> **The task**: In the copy, every line of the material that follows must appear exactly, and no pictures should.

##### Information supplied

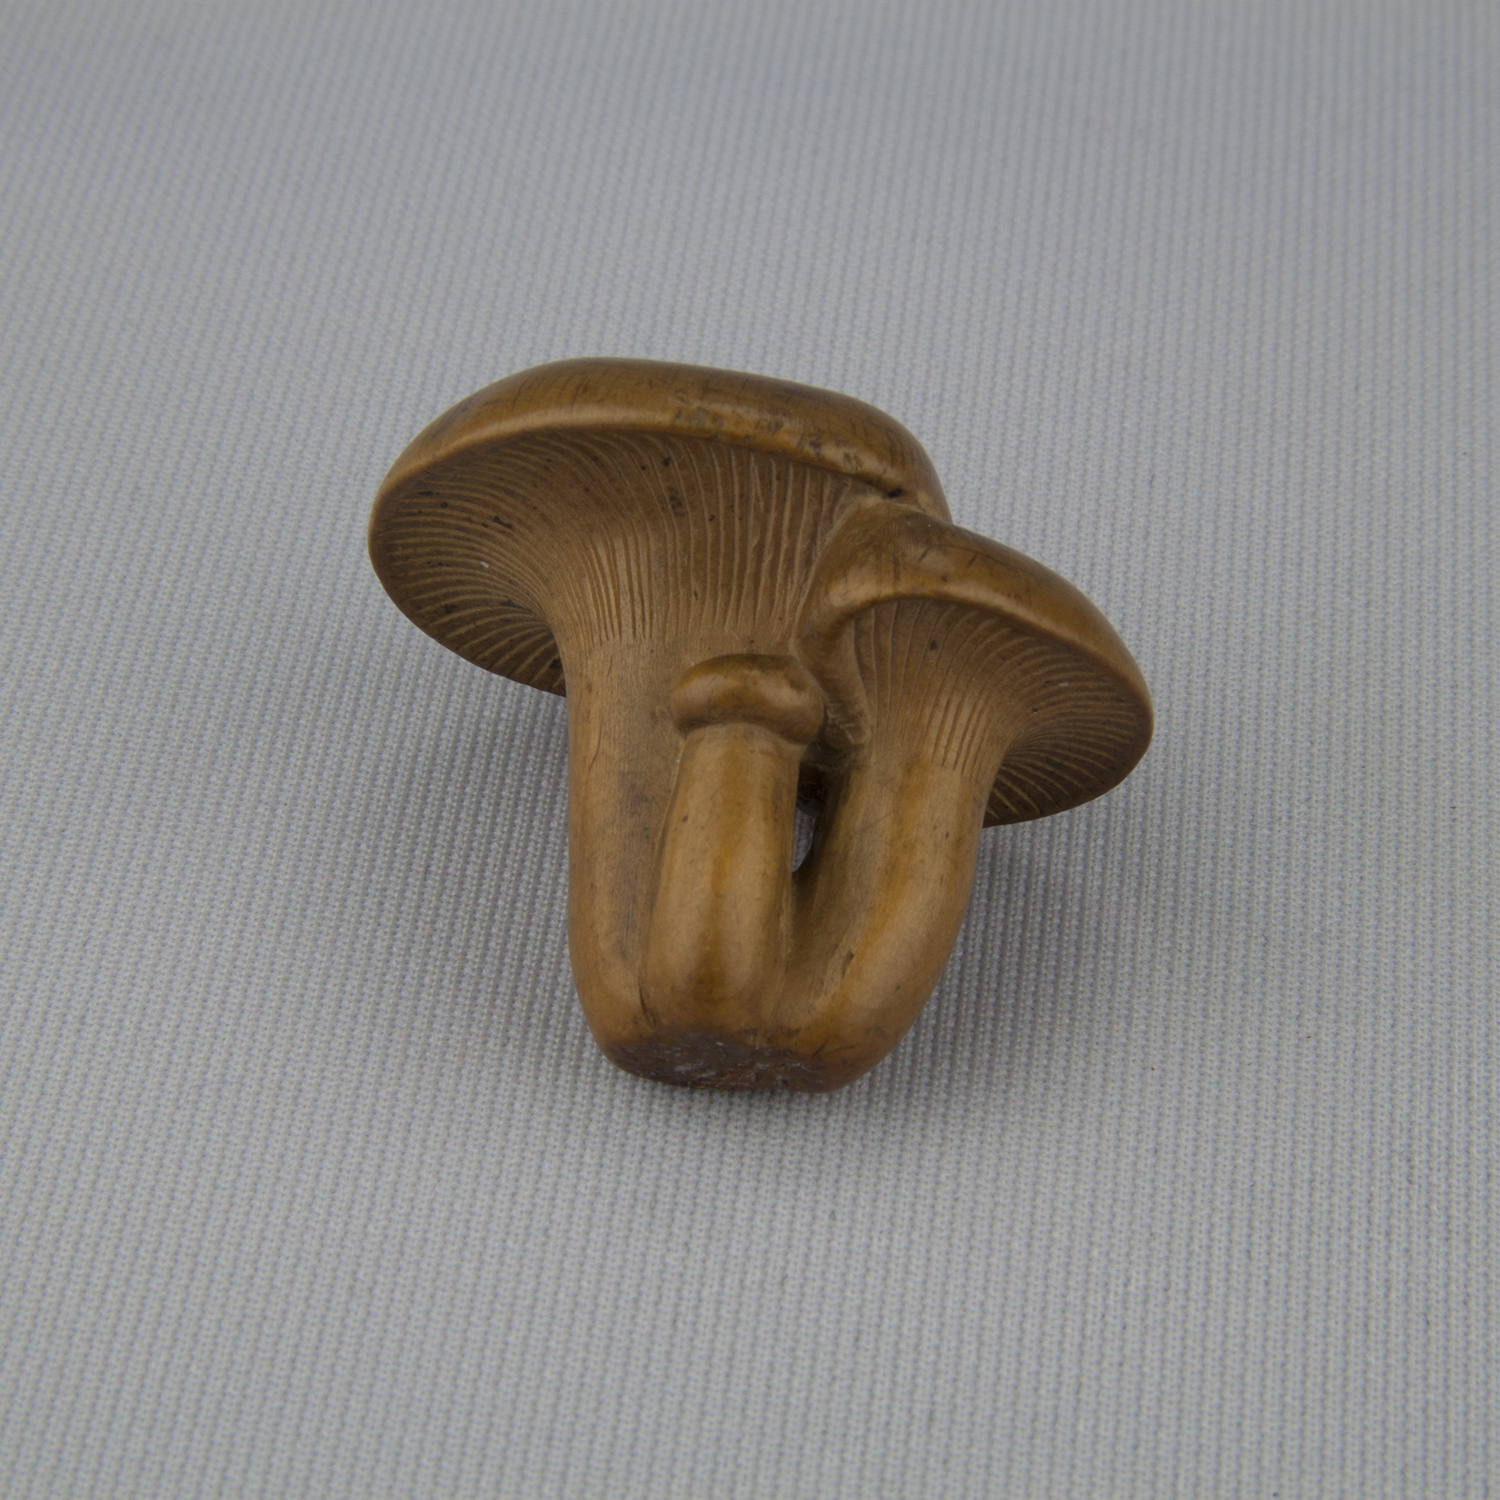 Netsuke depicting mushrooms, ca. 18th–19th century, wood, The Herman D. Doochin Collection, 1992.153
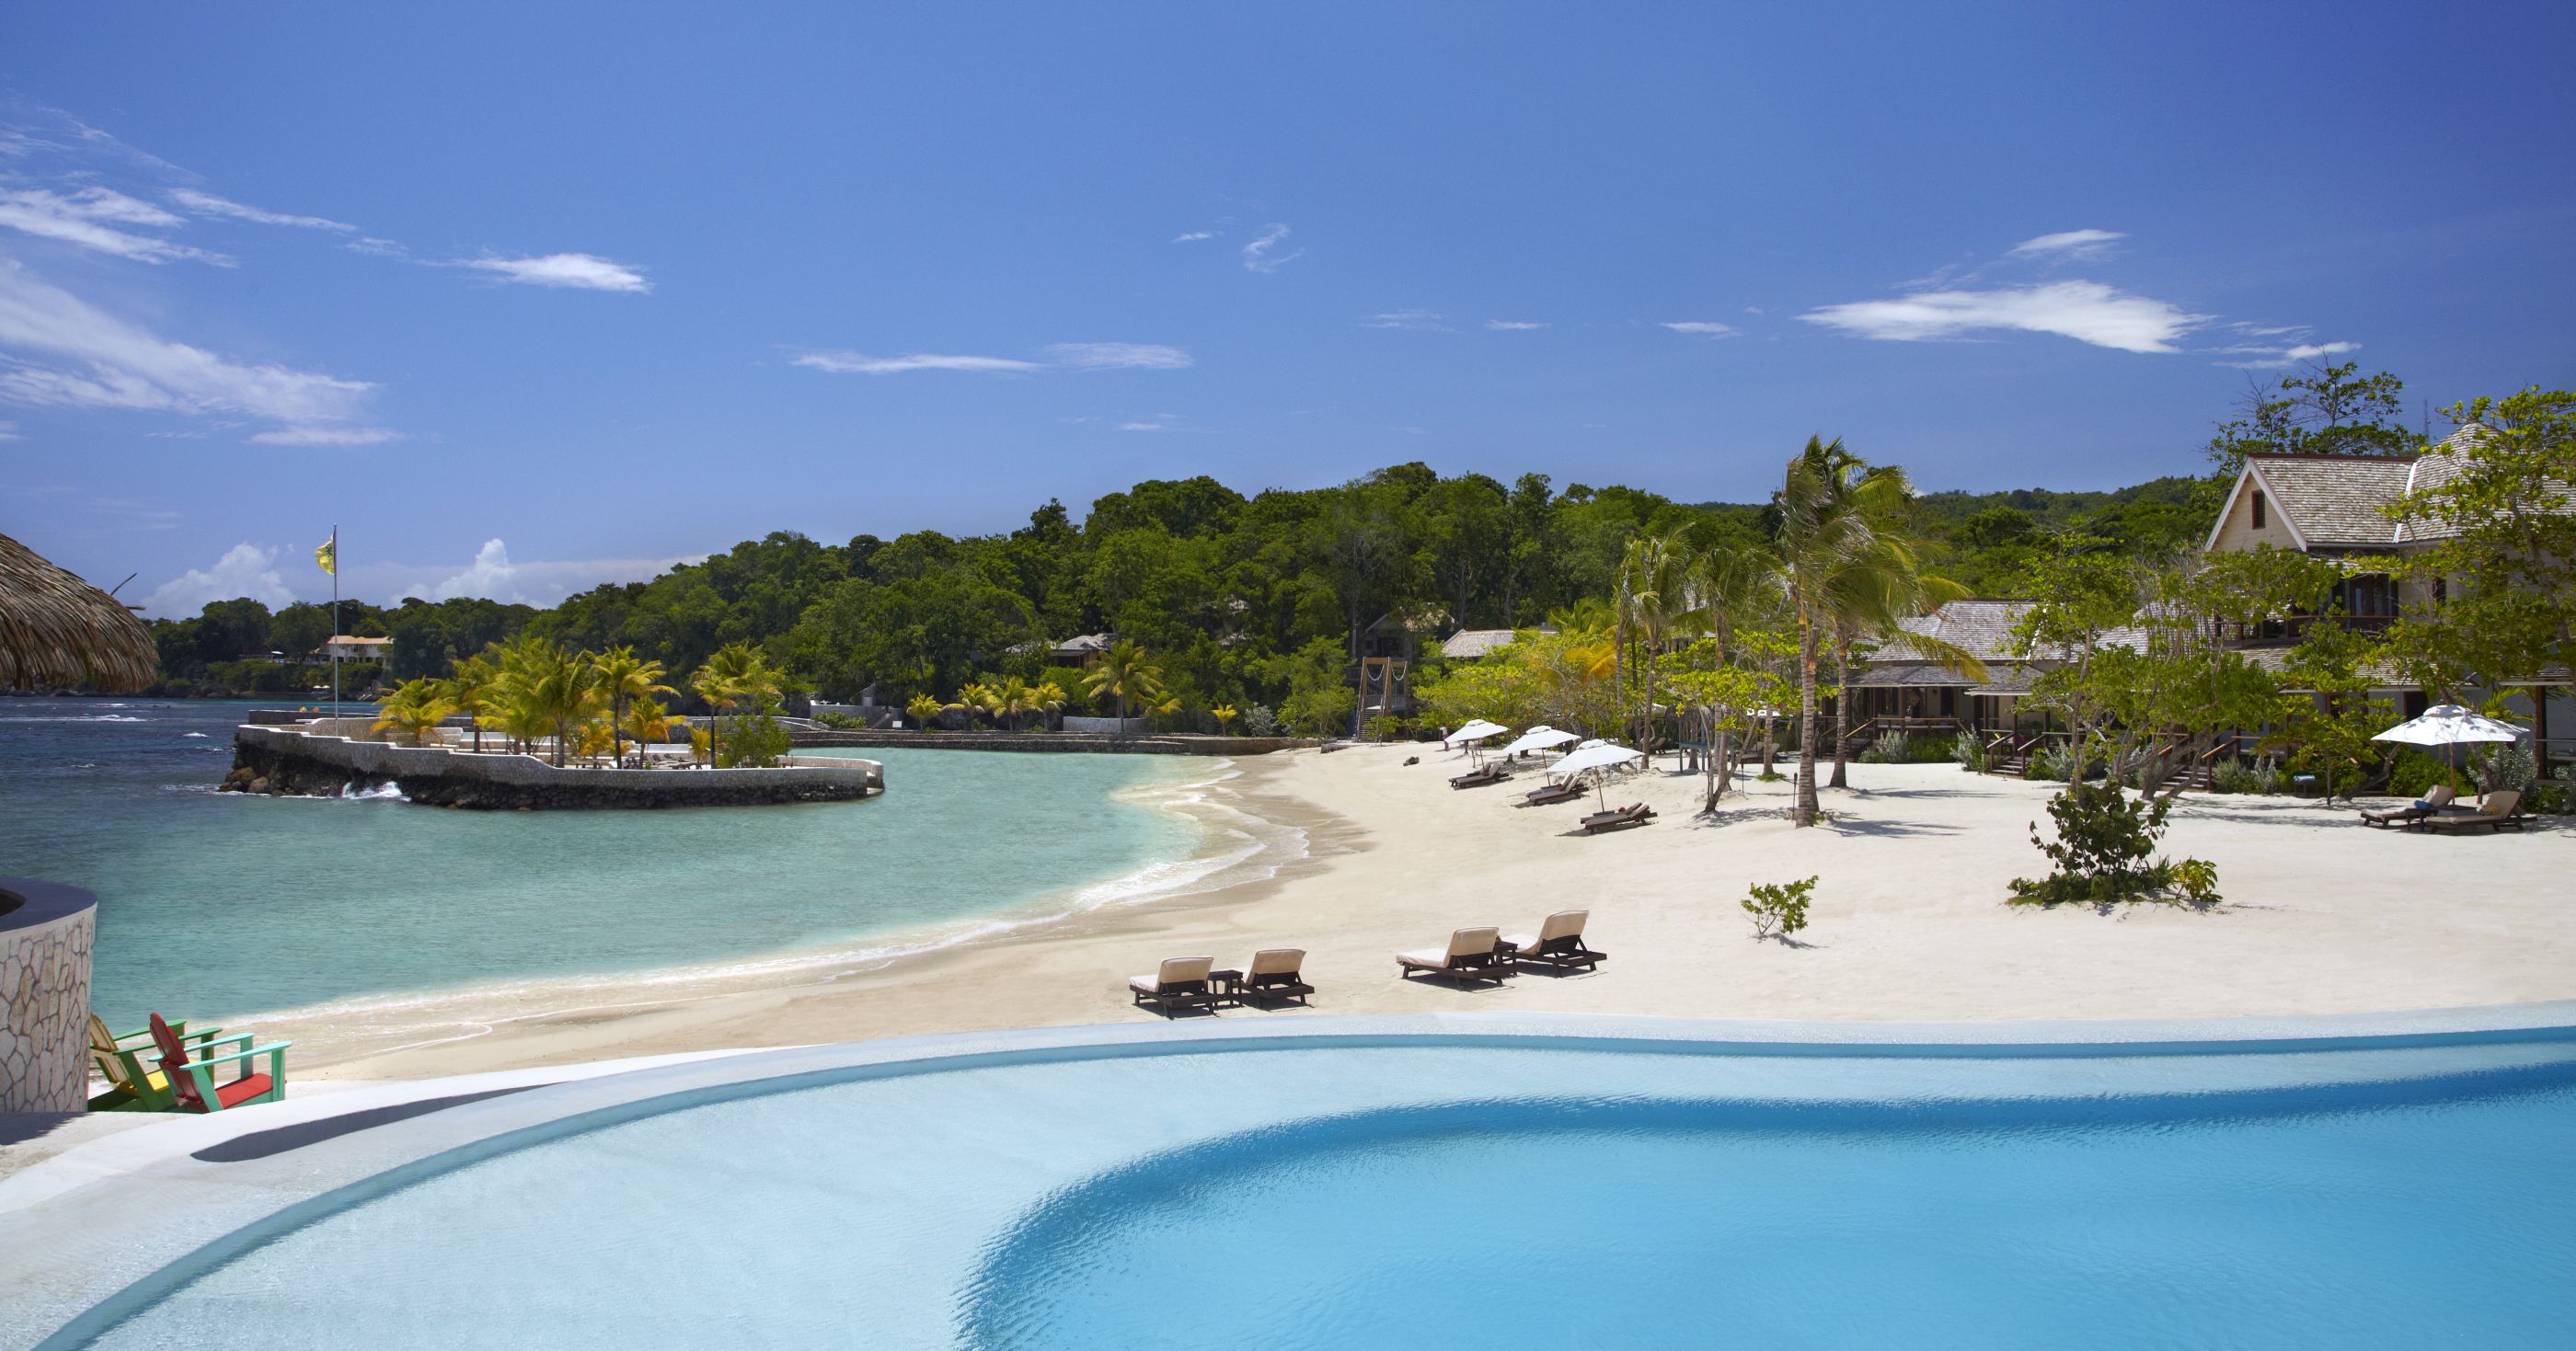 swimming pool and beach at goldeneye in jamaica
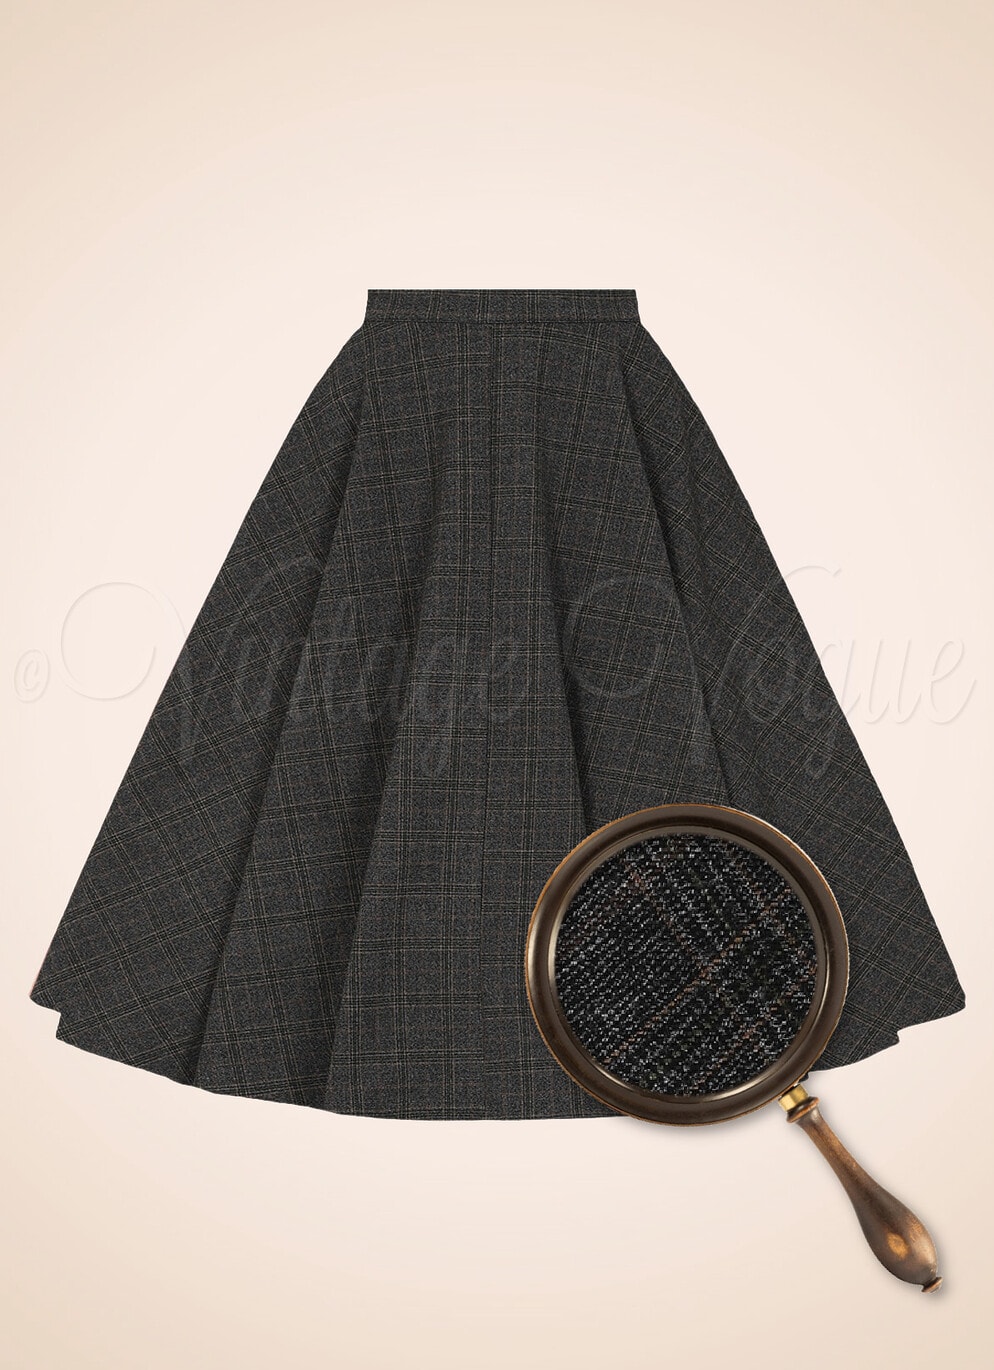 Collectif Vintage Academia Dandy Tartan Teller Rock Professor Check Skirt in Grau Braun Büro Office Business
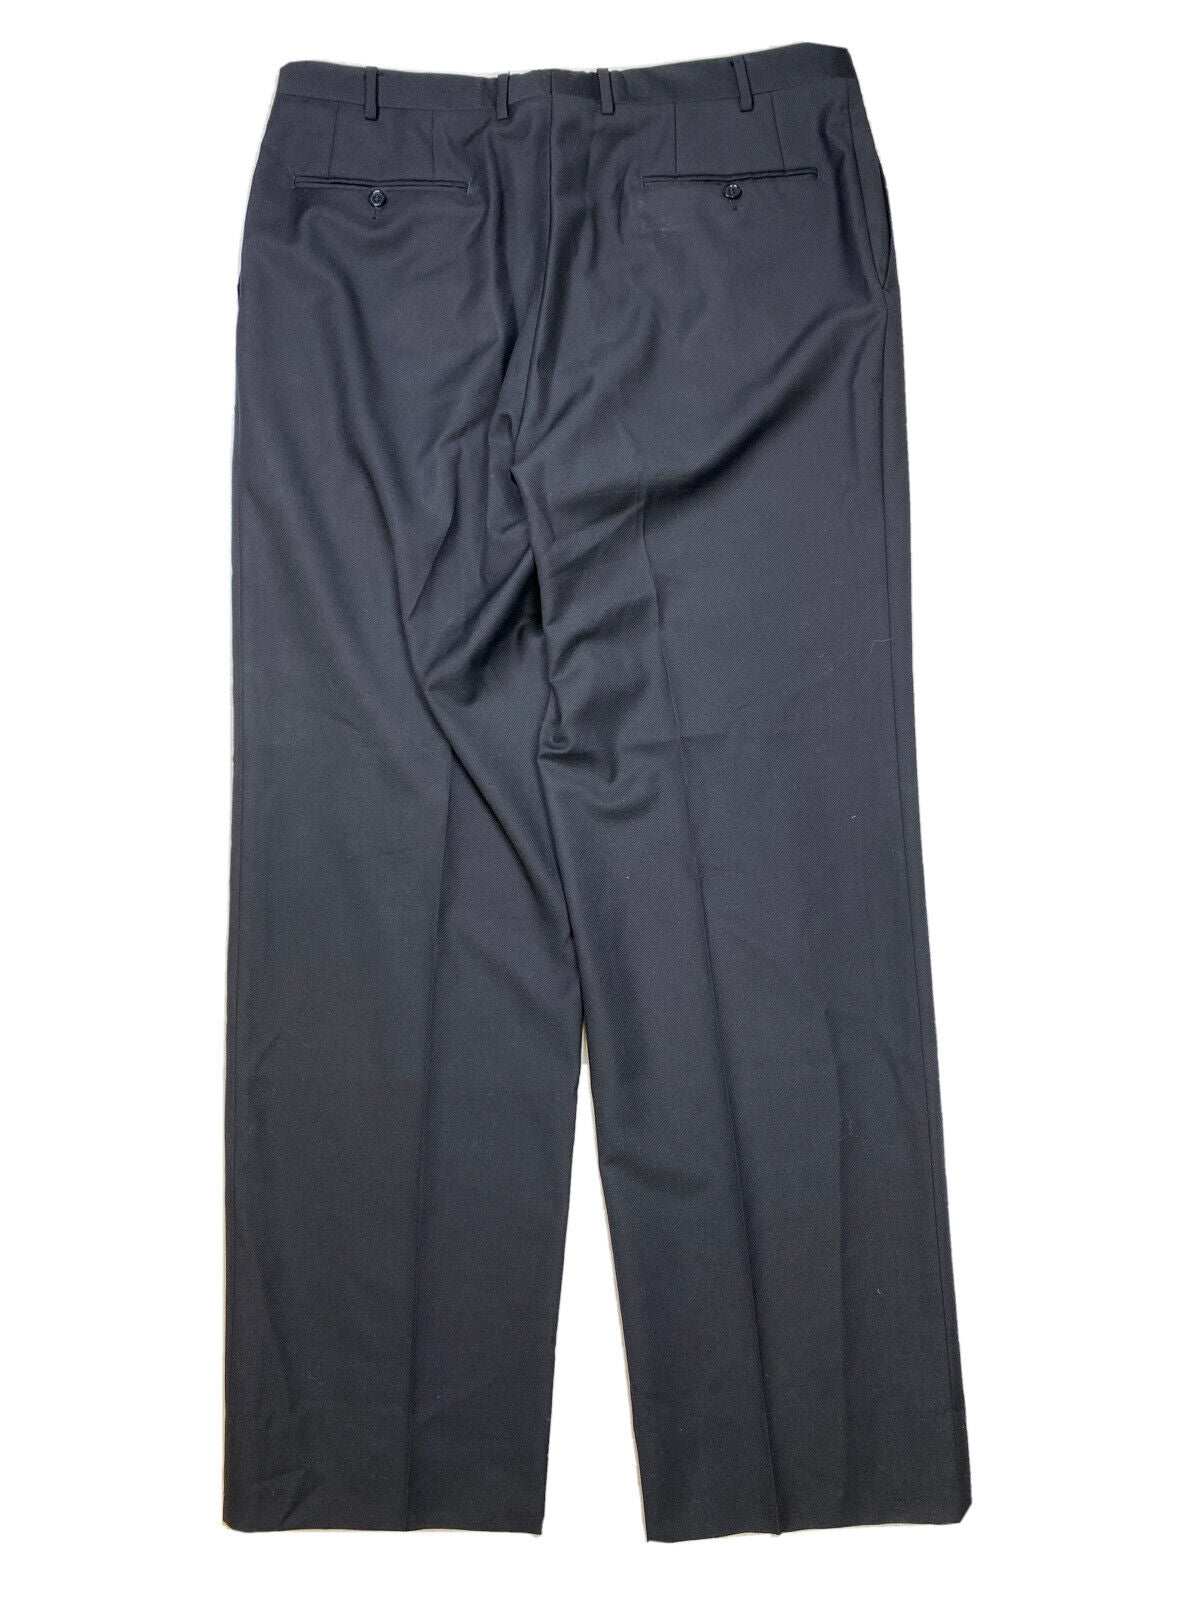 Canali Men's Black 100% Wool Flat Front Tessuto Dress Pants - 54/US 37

##########

> **Your response**:
 Netsuke depicting mushrooms, ca. 18th–19th century, wood, The Herman D. Doochin Collection, 1992.153
 swimming pool and beach at goldeneye in jamaica
 Collectif Vintage Academia Dandy Tartan Teller Rock Professor Check Skirt in Grau Braun Büro Office Business
 Canali Men's Black 100% Wool Flat Front Tessuto Dress Pants - 54/US 37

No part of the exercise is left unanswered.